Stratford Festival in Ontario, Canada, is streaming Shakespeare’s plays for free

Stratford Festival in Ontario, Canada, is streaming Shakespeare’s plays for free

Robert Tanitch reviews Shakespeare’s Coriolanus on line

The Stratford Festival in Stratford, Ontario, Canada, founded in 1953, is the largest repertory theatre in North America and produces an international repertoire of classics, modern classics, Canadian writing and musicals. Production values are extremely high.

Shakespeare’s last tragedy and most political play has been never been popular with the general theatregoer. It usually works best at times of national strife when Left and Right find they can use its political arguments for their own ends.

The action is set in 490BC before Rome was great and when she was still fighting the Volscians. Caius Martius wins a great victory at Corioli and is given the name of Coriolanus. It was traditional for the warrior hero to appear before the people in sackcloth and ashes and display his wounds.

Coriolanus, proud and arrogant, has an absolute contempt for the people which, fatally, he does not attempt to disguise. The idea of humbling himself in the market place is anathema to him. A victim of a violent temper, he is incapable of acting mildly.

Coriolanus – On The Run 2018

This production directed and designed by Robert Lepage in 2018 is one of the most enjoyable productions I have seen of the play. Set in modern times and acted by a fine ensemble, it is visually thrilling.

The action here is played out in offices, bars, restaurants, bath houses and broadcasting studios. One scene is played out entirely in texting. The cinematic framing of individual scenes plus the projections give the drama a terrific pace.

The last time Lepage directed Coriolanus (in Montreal in 1993) he played it for comedy. This time he takes it seriously. There is a big aggressive performance from Andre Sills as the war hero, an unsympathetic thug accused of being a traitor.

A major surprise is the way Lepage has directed the scene when Volumnia (Lucy Peacock), Coriolanus’s mother, goes down on her knee and begs her son not to sack Rome. There is a famously long pause, the longest in all Shakespeare, before he replies.

In this production Peacock is so exasperated by his lack of response that she exits and Sills has to say, “O mother, mother what have you done?” as an aside, all on his own. The line’s impact is deliberately diminished.

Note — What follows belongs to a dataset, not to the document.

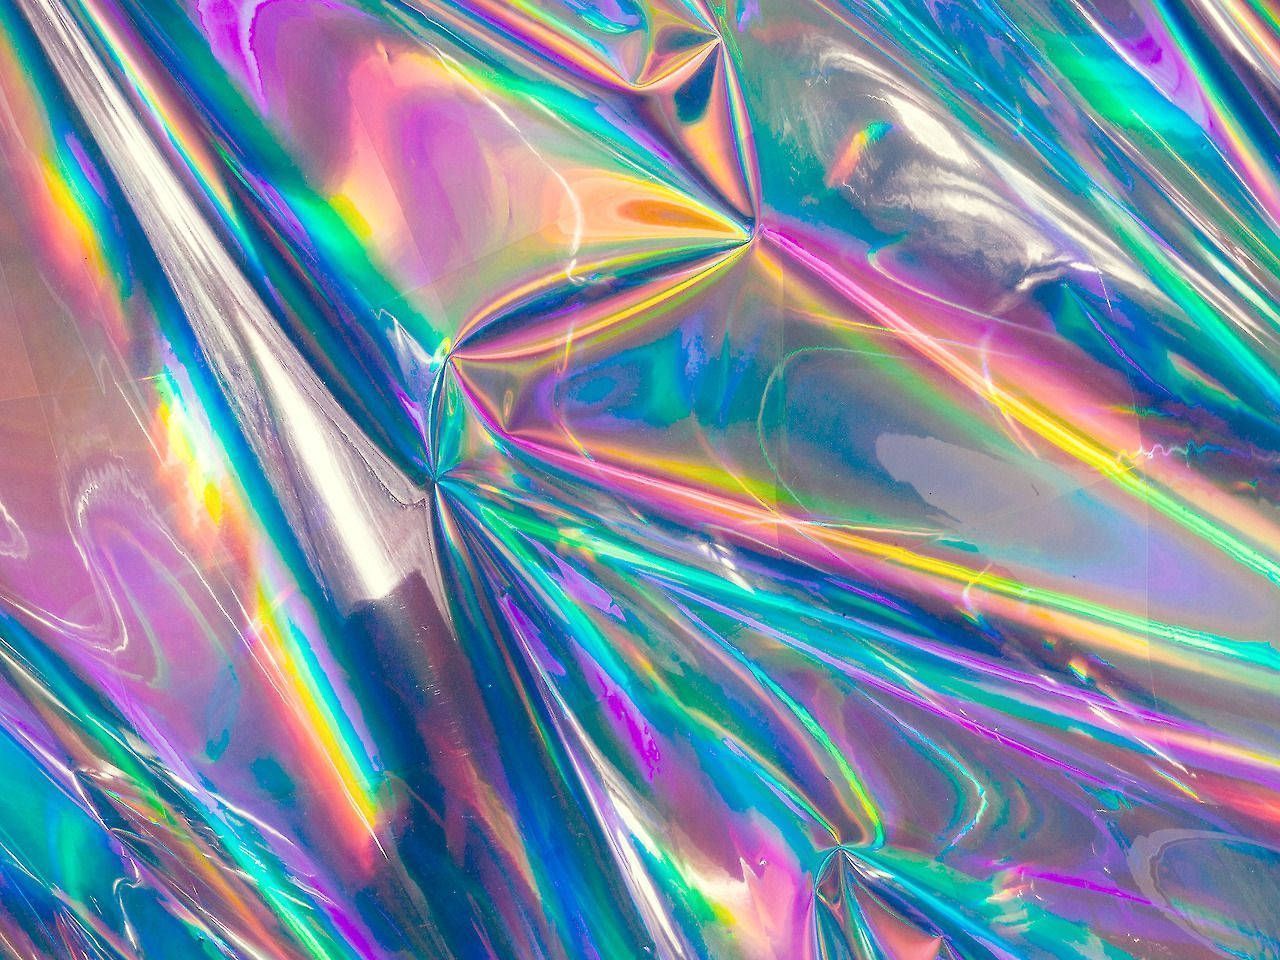 A crumpled piece of holographic plastic with rainbow colors. - Holographic

Aufidius, the Volscian leader (who confesses he would much rather have sex with Coriolanus than with his own wife) is also played as an unsympathetic thug but much older than usual by Graham Abbey.

Stephen Ouimette and Tom Rooney are a good double act as the unscrupulous tribunes who stir things up and there is strong support from Tom McManus (a former Coriolanus) as Menenius Agrippa and Michael Blake as Cominus, the only supporters Coriolanus really has.

Stratford Festival are streaming the following plays by Shakespeare: “King Lear” (April 23 to May 14), “Coriolanus” (April 30 to May 21) “Macbeth” (May 7 to 28), “The Tempest” (May 14 to June 4), “Timon of Athens” (May 21 to June 11), “Love’s Labour’s Lost” (May 28 to June 18), “Hamlet” (June 4 to 25), “King John” (June 11 to July 2), “Pericles” (June 18 to July 9), “Antony and Cleopatra” (June 25 to July 16), “Romeo and Juliet” (July 2 to 23) and “The Taming of the Shrew” (July 9 to 30).